HappyHappy

HappyHappy (2018)

PunkBanker74

It is rare for me to describe an album as perfect; rare for me to call anything perfect. The connotation means that nothing can be better than it. Though I'm not calling this album perfect, I am giving it a perfect score. For me, it is among the greatest albums I've ever heard.

Lyrics, for me, can make or break a song/album/artist. They are what I long for when finding a new artist. Near anyone can play a guitar/bass/drums to a level that is worthy listening to, but only a few special people can take those sounds and integrate them with the written word in a way that provokes more synapses firing than the visual arts. The saying "A picture is worth a thousand words" does not apply when the wordsmith makes each of his words worth a thousand pictures.

HappyHappy starts the album with the line “Do you remember being choked in front of 10 to 20 people/Everyone said it looked so good” with his first track “27 Wagons”. The song goes deep into a personal conversation with the artist and what one can only assume is a past love.

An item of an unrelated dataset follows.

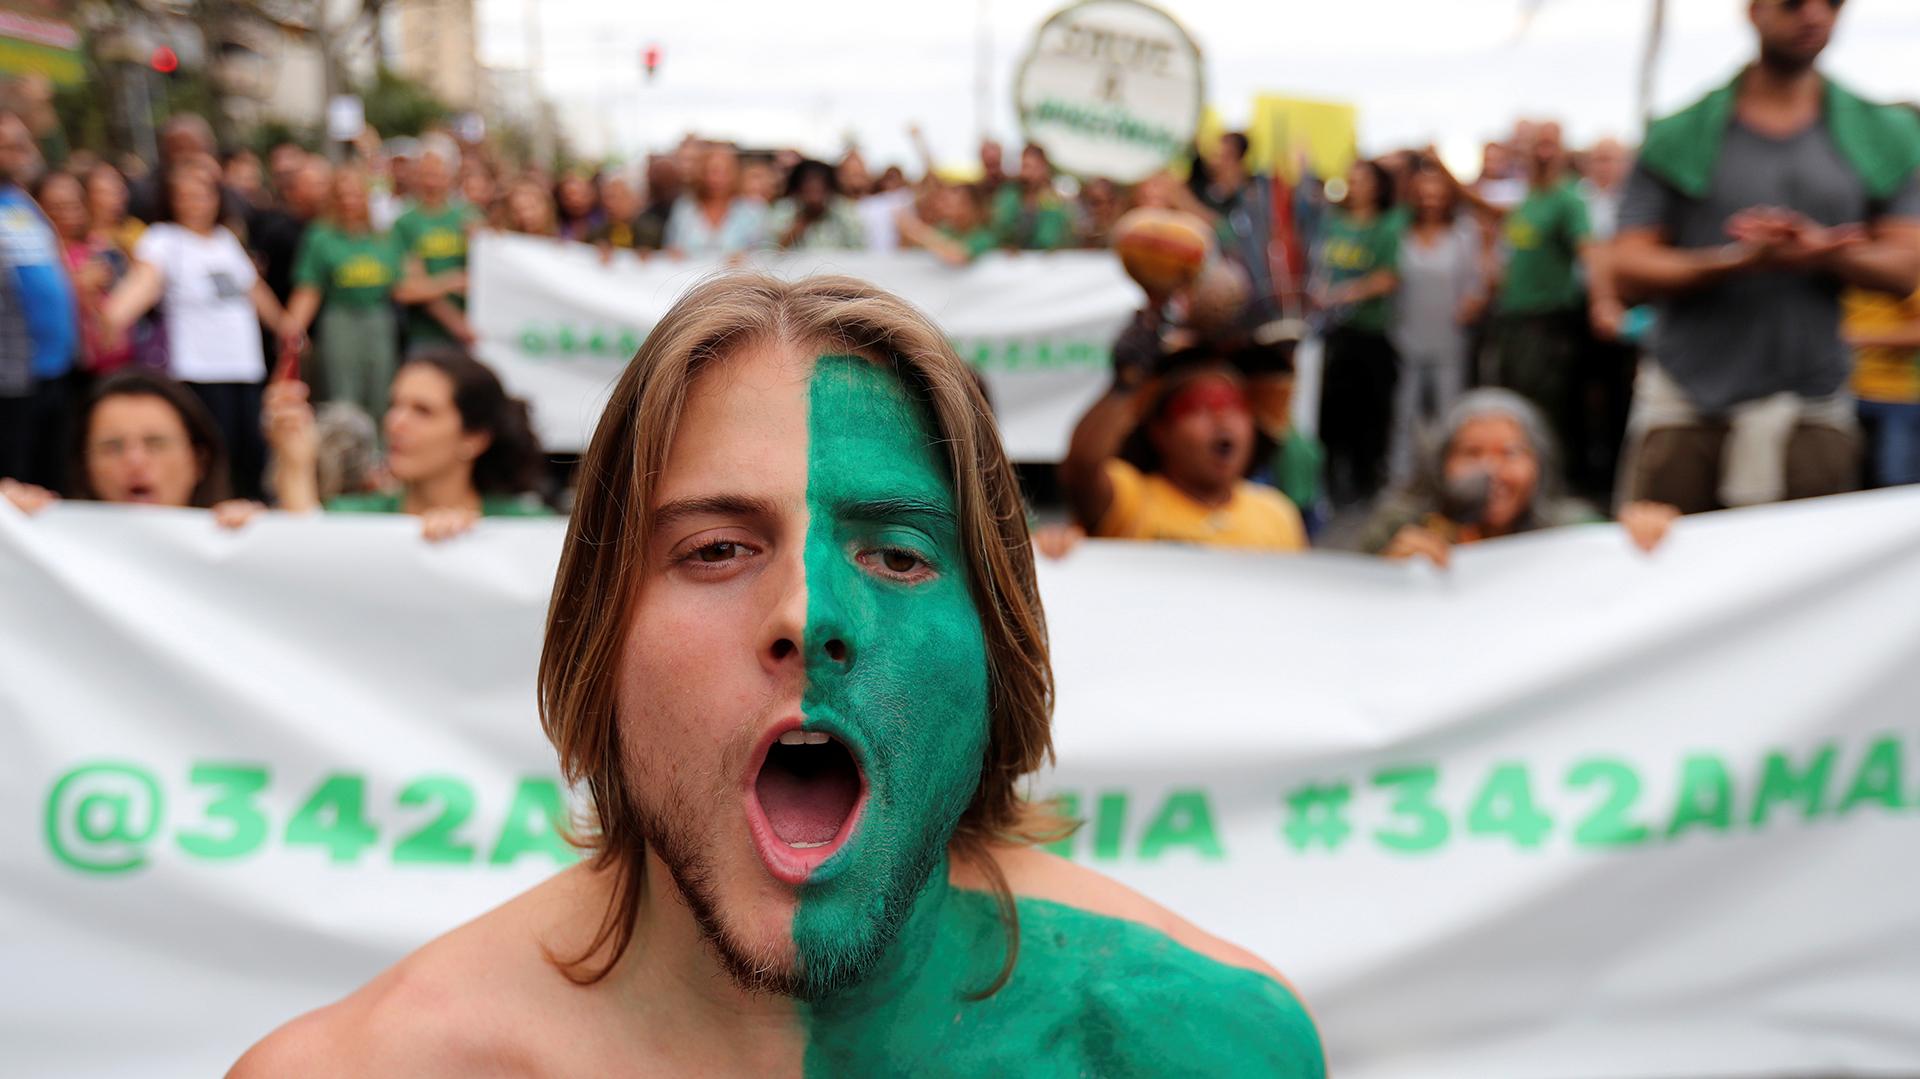 Un hombre asiste a una manifestación para exigir más protección para la selva amazónica, en Río de Janeiro, Brasil, 25 de agosto de 2019. REUTERS / Sergio Moraes

He takes responsibility for his part in the actions, while seemingly building up the past love, which as the listener, one temporarily becomes. The final verse leaves the listener a little more clear on what might have happened as he asks where he would be if things were different, and finishes with his thoughts on why things went the wrong way. “Oh the violence/and the substance abuse/and the silence/that I'm getting from you/is leaving my ears ringing/and I don't think that they'll ever be normal “ While the song started off with a memory, of likely a less than positive time of the lover being choked, it ends with the artist admitting that all of the wrong he did have left him changed, and likely never normal again.

Immediately following this dark, yet beautiful track comes a goofy take on a childhood drawing made by one of the artists friends, where he had “Laser eyes and Gatlin Guns for arms”. “I was a teenage cyborg” plays out the fantasy that all of us had when we were younger, what would happen if we had super powers? In the artists case, it is a symphony of destruction of all of the people in his town that had wronged him, or merely stood by.

The album continues light-hearted sarcasm to dark tones that one can only hope are also sarcasm. My favorite track “You really want those Ice Cubes,don’t you?” is likely the most clever use of metaphors I’ve ever witnessed, The verses tell stories about another lost love, possibly the same as before, but it's the chorus that takes this one to the top for me. The artist paints a metaphor of what the “bad times” in his brain remind him of, which is a perfect way to describe the mind of anyone suffering from depression/anxiety. He paints them as tenants in a rent controlled apartment, partying constantly, and refusing to leave. “They trash the place at least once a week/the security deposit won’t cover these thing/but I think they stopped caring a long long time ago” wraps the metaphor up so perfectly, and reminds me of the same demons so many of my friends fought against in their youth.

Flowing perfectly from song to song, similar to a concept album, the artist continues to paint pictures of his inner demons, failed relationships, wrong turns, and a little youthful stupidity. Towards the end of the album we get one of the most sincere looks, leaving a bit of the sarcasm to the side, as he creates his own mantra “Once a Loser, Always a Loser.” He starts by telling the listener that he always thought this was a phase, and that goofy high school kids always went so far in life, they just needed to grow into it, but very quickly changes his tone, admitting defeat. “Always the reject, never the first choice” leads the third verse, where he predicts his death at 29. Its clear, throughout the album, but especially in this song, that the artist, or the character the artist writes his first person point of view lyrics in, has a vicious fight with substance abuse, but this song pulls it to the front. He opens up, honestly and accepting, even labeling his cure “poison”, and then goes on to tell someone he loves, please don’t look up to me. Based on lyrics from another song, I feel he’s talking to his little sister, but I can’t be sure. The song ends with the chant “Once a loser, Always a Loser” and even my 8 year old son could not help but sing along as this anthem came to a close.

I could write about every song on the album with as much love and vigor that these few I’ve spotlighted, as the album, if not perfect, is near enough for me to suggest that anyone and everyone gives it a listen. It’s a toned down, honest look through the eyes of a man coming to face with himself. I can’t imagine how cathartic it was to write, because I felt relieved after my first listen, as if I too had just told the world all of my dark secrets, and freed myself from the bonds of my bad choices.

A new album is right around the corner and I can’t wait to hear it.